Infine, i collaboratori amministrativo-gestionali, come più sopra accennato, non sono qualificati come lavoratori sportivi ma hanno accesso alle medesime agevolazioni fiscali e previdenziali previste per le collaborazioni coordinate e continuative. Non sono lavoratori sportivi, perciò non opera nei loro riguardi la presunzione della natura di collaborazione coordinata e continuativa per cui sarebbe opportuno certificare i contratti. La presenza di indicatori di subordinazione gerarchica determinerebbe la conversione del rapporto in lavoro subordinato in questo caso a tempo indeterminato.
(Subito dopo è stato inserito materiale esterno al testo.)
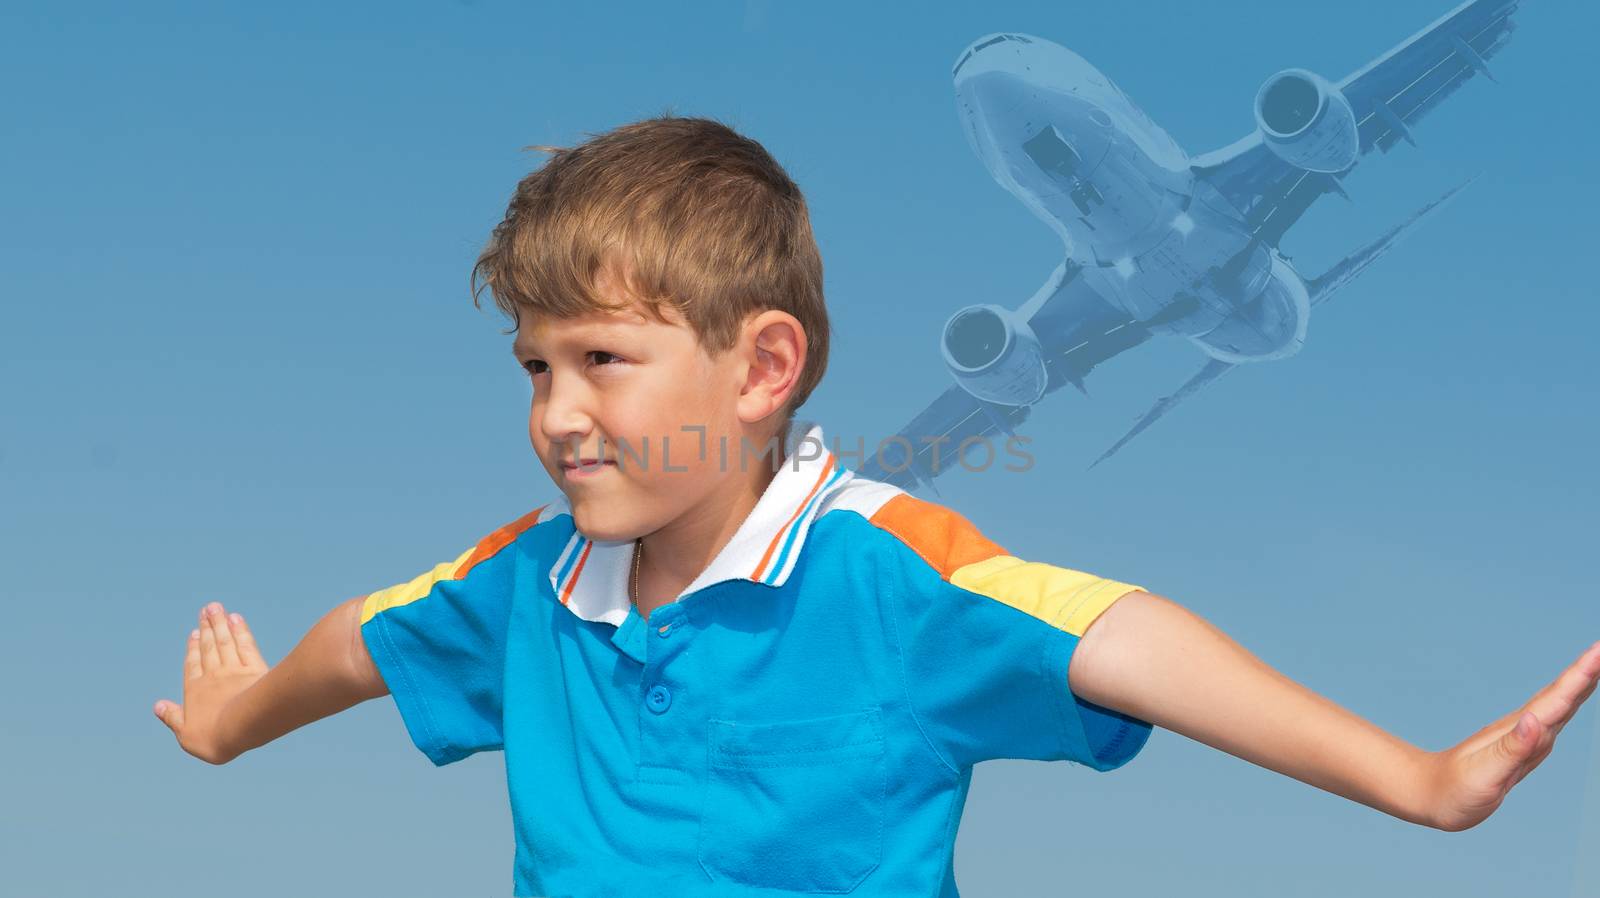 Children dream of flying_ by ben44

Due sono le disposizioni di salvaguardia introdotte:

  1. per i rapporti di lavoro sportivo iniziati prima dell’operatività del dlgs 36/2021 e inquadrati come compensi sportivi, non si dà luogo a recupero contributivo;
  2. istruttori, direttori tecnici e altre figure già iscritte al Fondo pensioni per i lavoratori dello spettacolo possono optare, entro sei mesi dall’entrata in vigore del decreto, per il mantenimento del regime previdenziale già in godimento.

Per ultimo, viene modificato l’elenco di chi – tra gli iscritti nel Registro delle attività sportive dilettantistiche – può assumere la qualifica di organizzazione sportiva: reintrodotte le cooperative sportive vengono, invece, eliminate le società di persone e vengono introdotti gli enti del Terzo settore. Si pone il problema della qualificazione come sportiva della organizzazione che si limita a promuovere attività didattiche sportive – come la ginnastica per la salute e per il fitness – così come dell’organizzazione che si limita alla preparazione degli atleti che partecipano alle manifestazioni agonistiche. Sono attese precisazioni che stabiliscano se a buona parte delle organizzazioni sportive di tale natura sarà preclusa la possibilità di qualificarsi come tali.